草雞聞言抬了下眸,本就麻木的神態反而漸漸地沉靜了下去:“其實寶藏的封印早就已經開始漸漸削弱了,早晚無法再鎮住外麵的那些東西。他們懼怕我們,主要就是因為,我們的骨血可以取代削弱的寶藏力量,將他們永遠地封印起來。”

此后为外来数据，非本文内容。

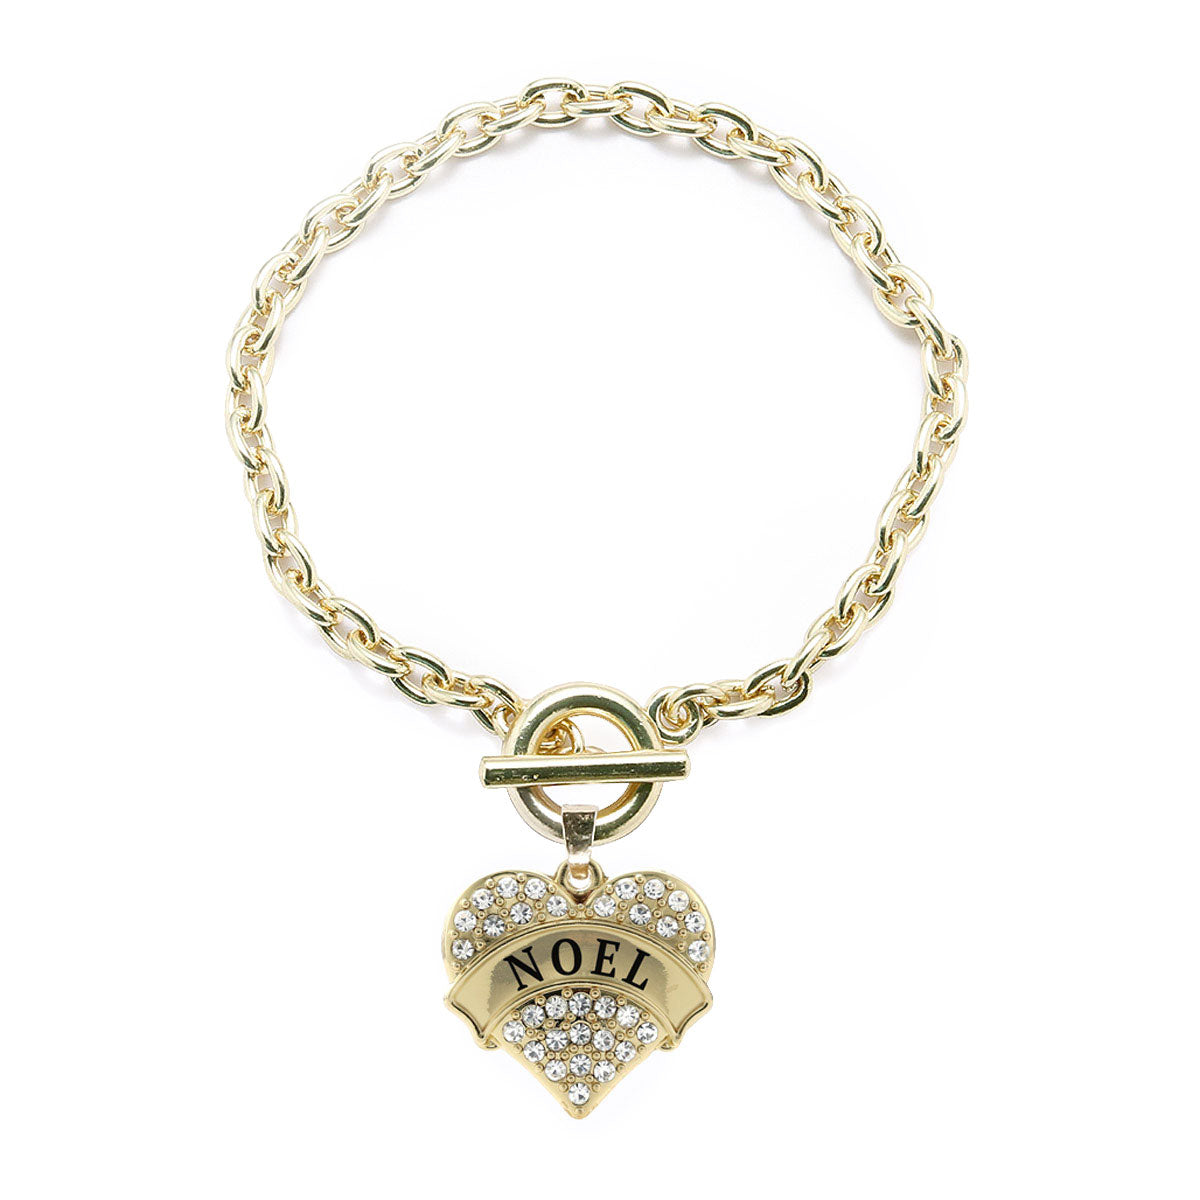 Gold Noel Pave Heart Charm Toggle Bracelet

頓了一下,直到這個時候,他的語調當中才終於透出了一絲的厭惡:“趁著我們還沒有被這些肮臟的血液徹底感染之前,這應該也是目前能做出的最好選擇了。”
“真不愧是勇者的後代啊。”
伴隨著月刃要笑不笑的一句誇讚,周圍的氛圍也一下子愈發微妙了起來。
就在這時,一個熟悉的麵板出現在了所有玩家們的麵前。
[現階段主線任務:亞勒蘭古城的真相終於浮出了水麵,請遵循自己的內心,做出最終的選擇——
選擇一、完成獻祭儀式,讓亞勒蘭古城永遠地恢複寧靜,獻祭進度(0/16);
選擇二、破壞祭壇解放勇者後代的使命,以全新勇者的姿態真正地戰勝惡魔吧!
請投票:選擇一or選擇二。]
“……”看到這個麵板上的內容時,池停的第一反應就知道要糟。
他剛才一直沒有表態,就是因為始終感覺月刃這一階段的態度始終有哪裡不對,到了這個時候也終於徹底意識了過來。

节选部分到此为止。